Antidepressants have been a staple in mental health treatment for decades, but researchers never knew exactly how they worked on a molecular level — until now. A team of scientists has discovered the precise process behind the effectiveness of two popular antidepressants, and broken down an important wall on the road to developing safer, more effective medications in the future.

Americans are taking more antidepressants than ever; studies estimate 8 to 10 percent of the population are on the medication, the third most common in the United States. The most popular class of antidepressants is selective serotonin reuptake inhibitors (SSRIs), and though clinicians prescribe them widely, the exact mechanisms that allow the medications to work were not fully understood.

A new study published Wednesday in Nature details the molecular structure of the human serotonin transporter (SERT), the target of many antidepressants, including SSRIs. Serotonin performs a variety of functions in the brain including regulation of sleep, appetite, sexual desire, mood, and social behavior. SSRIs are designed to boost serotonin levels in the brain by blocking the neurotransmitter from being absorbed back into the cell. By doing this, the medication increases the amount of serotonin available in the brain.

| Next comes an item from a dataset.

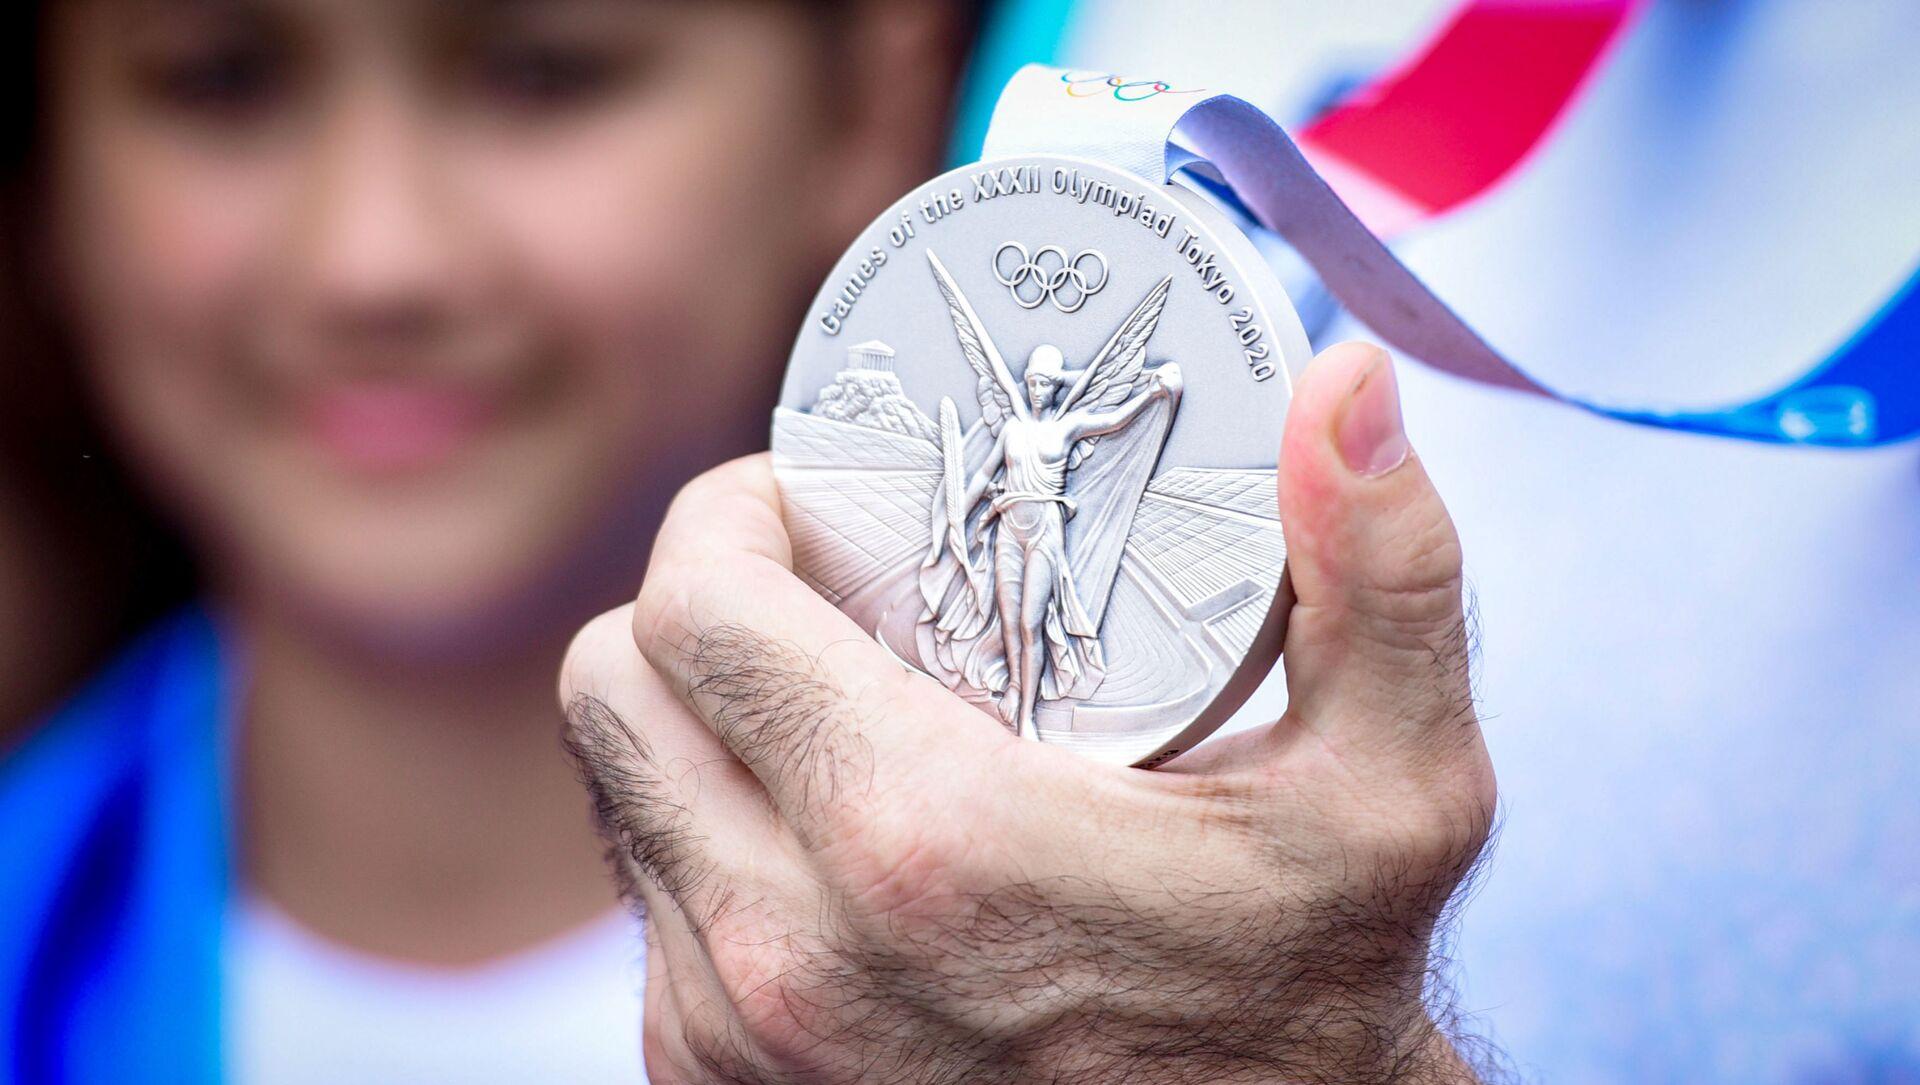 Встреча серебряного призера Олимпийских игр Токио-2020 Рафаэля Агаева в аэропорту Гейдара Алиева - Sputnik Азербайджан, 1920, 12.08.2021

The paper describes how SERT behaves when presented with two of the most popular SSRIs on the market — citalopram and paroxetine.

A Serotonin Problem

Depression as an illness, like the drugs used to treat it, is not fully understood. One major theory focuses on how the neurotransmitter serotonin can even affect bodily functions, including the cardiovascular system and various endocrine tasks. Many researchers believe that an imbalance in serotonin can influence these different aspects, which led to the development of SSRIs.

The current study, led by Dr. Eric Gouaux, a senior scientist in the Vollum Institute at Oregon Health and Science University, offers brand new insight into the inner workings of this process. Thanks to X-ray crystallography, the research literally provides a picture of the moment SERT is bound to both citalopram and paroxetine. The researchers found the antidepressants directly block serotonin from binding to SERT’s membrane protein, a finding they suggest will have a major impact on future SSRI development.

Looking Ahead

When tricyclic antidepressants were first developed in the 1950s, they provided relief in 60 to 80 percent of patients, but were also responsible for serious side effects like weight gain, sluggishness, and even some deaths from overdose. Scientists knew something had to be done, and a more targeted class of antidepressants hopped onto the market in 1987. The difference between the old drugs and these was specificity — instead of smothering an entire brain region in chemicals, the new medications focused on the serotonin transporter. The new formula was a success, with the same number of patients claiming improvement with fewer side effects.

Even though SSRIs were working, Gouaux and his colleagues knew that better understanding that process would allow for growth and improvements.

“Taken together, the structures of the SERT shed fresh insight into antidepressant recognition,” the authors wrote in the paper. This, they said, would allow researchers to design small molecules that target the binding sites specifically involved in blocking serotonin reuptake, or being absorbed back into the cell.

Better therapies would be welcome; depression and other disorders for which SSRIs are prescribed still need more consistent, focused treatments. SSRIs may be effective for 60 to 80 percent of patients, but that means millions of people are still struggling.

“The heavy toll that devastating illnesses like anxiety and depression have on families and communities is, in many ways, incalculable,” said Gouaux. “Revealing the precise structure of the serotonin transporter holds tremendous promise for the development of life-changing drug treatments for these diseases.”

Source: Coleman J, Green E, Gouaux E. X-ray structures and mechanism of the human serotonin transporter. Nature. 2016.

Correction: A previous version of this article incorrectly stated that SSRIs were developed in the 1950s instead of tricyclics.